- [Exercise description]
Only one portion of the data is to be written out: from the line bearing "2014 BMW 750LI" through the line bearing "オンライン完結で学べる動画編集・映像制作スクール5選". Write it exactly as it appears.

═════ Information shown ═════

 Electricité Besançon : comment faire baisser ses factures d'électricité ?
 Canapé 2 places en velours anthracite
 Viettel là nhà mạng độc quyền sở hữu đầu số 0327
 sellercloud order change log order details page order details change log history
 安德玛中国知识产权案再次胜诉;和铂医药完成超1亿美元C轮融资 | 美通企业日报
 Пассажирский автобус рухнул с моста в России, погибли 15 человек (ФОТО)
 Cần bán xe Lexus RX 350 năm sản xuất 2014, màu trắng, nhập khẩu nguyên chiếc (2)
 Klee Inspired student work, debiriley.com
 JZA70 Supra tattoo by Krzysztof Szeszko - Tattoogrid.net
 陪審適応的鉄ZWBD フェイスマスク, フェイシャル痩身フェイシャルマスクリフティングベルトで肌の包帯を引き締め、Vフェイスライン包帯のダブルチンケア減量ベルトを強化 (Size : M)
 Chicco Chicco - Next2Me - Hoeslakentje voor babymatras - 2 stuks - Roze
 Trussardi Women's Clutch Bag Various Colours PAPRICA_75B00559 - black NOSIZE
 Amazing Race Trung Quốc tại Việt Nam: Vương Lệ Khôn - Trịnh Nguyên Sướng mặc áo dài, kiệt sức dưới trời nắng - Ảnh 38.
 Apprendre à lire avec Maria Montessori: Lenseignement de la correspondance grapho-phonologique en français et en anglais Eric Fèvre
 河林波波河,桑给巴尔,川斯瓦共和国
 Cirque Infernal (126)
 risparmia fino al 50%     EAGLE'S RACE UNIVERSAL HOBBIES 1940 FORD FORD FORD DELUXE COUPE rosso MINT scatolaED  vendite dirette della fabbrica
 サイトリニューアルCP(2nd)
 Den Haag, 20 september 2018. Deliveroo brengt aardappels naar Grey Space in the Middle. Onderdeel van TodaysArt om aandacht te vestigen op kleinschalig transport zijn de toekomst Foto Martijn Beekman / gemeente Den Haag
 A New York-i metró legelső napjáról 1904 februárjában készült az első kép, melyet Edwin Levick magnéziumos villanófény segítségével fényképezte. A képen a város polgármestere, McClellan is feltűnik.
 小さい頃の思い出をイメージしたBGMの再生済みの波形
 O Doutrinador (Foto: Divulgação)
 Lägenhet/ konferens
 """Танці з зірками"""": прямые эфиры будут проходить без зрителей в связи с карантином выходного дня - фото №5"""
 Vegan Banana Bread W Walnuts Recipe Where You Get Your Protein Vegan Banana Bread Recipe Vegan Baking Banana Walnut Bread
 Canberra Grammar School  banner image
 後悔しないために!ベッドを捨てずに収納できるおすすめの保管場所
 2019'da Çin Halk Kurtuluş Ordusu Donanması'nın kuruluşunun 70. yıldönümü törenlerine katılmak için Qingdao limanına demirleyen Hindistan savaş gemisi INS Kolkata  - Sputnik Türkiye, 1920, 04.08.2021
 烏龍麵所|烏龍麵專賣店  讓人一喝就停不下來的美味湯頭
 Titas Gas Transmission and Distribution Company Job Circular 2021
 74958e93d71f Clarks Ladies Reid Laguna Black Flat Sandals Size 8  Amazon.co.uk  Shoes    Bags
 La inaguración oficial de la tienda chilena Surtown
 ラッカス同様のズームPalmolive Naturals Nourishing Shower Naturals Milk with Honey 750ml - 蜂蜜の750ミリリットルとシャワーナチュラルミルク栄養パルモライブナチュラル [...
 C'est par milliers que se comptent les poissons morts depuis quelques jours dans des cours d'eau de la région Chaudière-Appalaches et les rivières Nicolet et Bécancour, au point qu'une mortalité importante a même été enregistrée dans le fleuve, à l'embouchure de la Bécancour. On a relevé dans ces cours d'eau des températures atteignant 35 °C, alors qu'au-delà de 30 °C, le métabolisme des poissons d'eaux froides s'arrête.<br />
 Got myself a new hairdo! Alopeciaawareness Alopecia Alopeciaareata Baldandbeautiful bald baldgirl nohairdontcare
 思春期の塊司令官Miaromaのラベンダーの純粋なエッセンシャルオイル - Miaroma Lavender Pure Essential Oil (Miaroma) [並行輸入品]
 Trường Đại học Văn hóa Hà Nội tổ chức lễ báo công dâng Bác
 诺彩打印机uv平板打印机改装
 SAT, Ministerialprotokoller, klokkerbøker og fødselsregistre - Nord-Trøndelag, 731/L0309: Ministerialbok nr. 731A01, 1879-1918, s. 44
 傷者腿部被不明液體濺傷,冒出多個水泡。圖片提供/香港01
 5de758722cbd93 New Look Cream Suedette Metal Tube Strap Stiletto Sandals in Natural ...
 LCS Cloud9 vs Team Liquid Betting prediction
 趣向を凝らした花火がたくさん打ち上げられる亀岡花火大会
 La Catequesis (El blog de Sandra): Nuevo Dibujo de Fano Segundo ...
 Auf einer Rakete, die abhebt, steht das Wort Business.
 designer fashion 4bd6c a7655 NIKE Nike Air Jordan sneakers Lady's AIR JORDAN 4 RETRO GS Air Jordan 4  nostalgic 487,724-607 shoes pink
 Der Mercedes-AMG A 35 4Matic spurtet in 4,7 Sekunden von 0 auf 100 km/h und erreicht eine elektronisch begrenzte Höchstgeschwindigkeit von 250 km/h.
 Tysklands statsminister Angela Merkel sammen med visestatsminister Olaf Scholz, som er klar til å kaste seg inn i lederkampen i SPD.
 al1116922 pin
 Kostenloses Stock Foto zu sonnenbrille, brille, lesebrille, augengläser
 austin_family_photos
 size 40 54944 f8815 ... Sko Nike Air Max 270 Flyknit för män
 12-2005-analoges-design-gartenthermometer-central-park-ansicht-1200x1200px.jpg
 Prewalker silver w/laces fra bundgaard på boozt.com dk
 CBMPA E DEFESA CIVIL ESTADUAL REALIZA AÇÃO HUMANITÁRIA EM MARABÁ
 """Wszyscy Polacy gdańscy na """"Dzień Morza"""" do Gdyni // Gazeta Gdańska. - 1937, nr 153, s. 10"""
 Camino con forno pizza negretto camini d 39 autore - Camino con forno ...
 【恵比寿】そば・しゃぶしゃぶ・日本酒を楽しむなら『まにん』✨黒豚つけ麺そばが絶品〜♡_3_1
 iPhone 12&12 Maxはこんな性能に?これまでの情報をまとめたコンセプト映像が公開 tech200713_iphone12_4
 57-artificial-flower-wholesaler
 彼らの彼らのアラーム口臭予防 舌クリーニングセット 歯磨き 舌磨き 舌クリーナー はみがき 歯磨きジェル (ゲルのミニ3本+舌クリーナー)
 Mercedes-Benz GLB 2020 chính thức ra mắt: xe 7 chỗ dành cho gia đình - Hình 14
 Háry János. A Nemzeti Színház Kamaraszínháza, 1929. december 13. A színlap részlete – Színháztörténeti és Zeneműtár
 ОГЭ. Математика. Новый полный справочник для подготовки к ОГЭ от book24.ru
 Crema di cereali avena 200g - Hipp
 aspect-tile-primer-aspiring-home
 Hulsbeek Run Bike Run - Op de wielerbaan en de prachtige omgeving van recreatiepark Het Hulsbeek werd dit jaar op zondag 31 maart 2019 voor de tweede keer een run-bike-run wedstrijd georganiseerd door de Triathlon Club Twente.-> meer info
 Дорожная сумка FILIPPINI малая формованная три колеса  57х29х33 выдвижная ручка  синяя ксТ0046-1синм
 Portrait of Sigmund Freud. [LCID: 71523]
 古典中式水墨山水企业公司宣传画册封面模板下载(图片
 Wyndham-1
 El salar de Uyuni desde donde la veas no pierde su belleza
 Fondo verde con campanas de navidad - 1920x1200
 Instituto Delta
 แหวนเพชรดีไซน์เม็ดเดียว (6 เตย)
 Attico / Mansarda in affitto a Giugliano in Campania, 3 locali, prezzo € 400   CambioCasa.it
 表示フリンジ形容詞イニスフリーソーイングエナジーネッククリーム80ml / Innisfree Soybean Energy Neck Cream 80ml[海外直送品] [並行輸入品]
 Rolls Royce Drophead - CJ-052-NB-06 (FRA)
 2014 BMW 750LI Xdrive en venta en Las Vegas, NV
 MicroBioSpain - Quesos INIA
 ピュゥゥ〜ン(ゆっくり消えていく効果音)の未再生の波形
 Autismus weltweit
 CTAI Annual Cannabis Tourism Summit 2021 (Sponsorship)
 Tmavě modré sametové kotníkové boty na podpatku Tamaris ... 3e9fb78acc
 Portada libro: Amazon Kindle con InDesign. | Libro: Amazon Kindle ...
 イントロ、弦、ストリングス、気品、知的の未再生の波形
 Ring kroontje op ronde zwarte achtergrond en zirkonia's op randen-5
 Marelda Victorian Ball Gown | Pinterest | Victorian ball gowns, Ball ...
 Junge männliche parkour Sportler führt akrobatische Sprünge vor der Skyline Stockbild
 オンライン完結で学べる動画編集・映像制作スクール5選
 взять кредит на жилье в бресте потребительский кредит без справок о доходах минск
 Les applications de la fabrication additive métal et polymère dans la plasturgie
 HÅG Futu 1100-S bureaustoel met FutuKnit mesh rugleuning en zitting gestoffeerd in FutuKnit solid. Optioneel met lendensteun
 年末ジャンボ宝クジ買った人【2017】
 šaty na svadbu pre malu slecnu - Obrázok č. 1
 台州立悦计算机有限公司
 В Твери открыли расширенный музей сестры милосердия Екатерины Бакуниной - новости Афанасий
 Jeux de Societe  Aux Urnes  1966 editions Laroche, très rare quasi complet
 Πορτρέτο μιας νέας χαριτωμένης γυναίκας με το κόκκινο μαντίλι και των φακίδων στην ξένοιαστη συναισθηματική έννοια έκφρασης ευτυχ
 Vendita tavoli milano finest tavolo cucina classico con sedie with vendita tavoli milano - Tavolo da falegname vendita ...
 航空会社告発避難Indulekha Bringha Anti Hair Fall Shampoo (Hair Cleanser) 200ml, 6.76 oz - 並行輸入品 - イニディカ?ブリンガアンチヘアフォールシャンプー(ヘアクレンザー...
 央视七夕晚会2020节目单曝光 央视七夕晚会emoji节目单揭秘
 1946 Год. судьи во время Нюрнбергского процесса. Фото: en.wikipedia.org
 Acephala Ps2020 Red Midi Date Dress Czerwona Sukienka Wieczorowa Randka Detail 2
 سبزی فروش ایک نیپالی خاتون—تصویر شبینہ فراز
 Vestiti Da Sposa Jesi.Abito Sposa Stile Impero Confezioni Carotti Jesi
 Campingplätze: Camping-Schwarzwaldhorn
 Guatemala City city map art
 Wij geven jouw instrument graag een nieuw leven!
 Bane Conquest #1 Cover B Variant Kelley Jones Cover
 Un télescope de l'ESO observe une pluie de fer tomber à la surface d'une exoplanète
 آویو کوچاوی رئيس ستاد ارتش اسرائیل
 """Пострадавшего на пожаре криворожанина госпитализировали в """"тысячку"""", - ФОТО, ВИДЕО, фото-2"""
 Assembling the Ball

═════

- [Answer section]
 2014 BMW 750LI Xdrive en venta en Las Vegas, NV
 MicroBioSpain - Quesos INIA
 ピュゥゥ〜ン(ゆっくり消えていく効果音)の未再生の波形
 Autismus weltweit
 CTAI Annual Cannabis Tourism Summit 2021 (Sponsorship)
 Tmavě modré sametové kotníkové boty na podpatku Tamaris ... 3e9fb78acc
 Portada libro: Amazon Kindle con InDesign. | Libro: Amazon Kindle ...
 イントロ、弦、ストリングス、気品、知的の未再生の波形
 Ring kroontje op ronde zwarte achtergrond en zirkonia's op randen-5
 Marelda Victorian Ball Gown | Pinterest | Victorian ball gowns, Ball ...
 Junge männliche parkour Sportler führt akrobatische Sprünge vor der Skyline Stockbild
 オンライン完結で学べる動画編集・映像制作スクール5選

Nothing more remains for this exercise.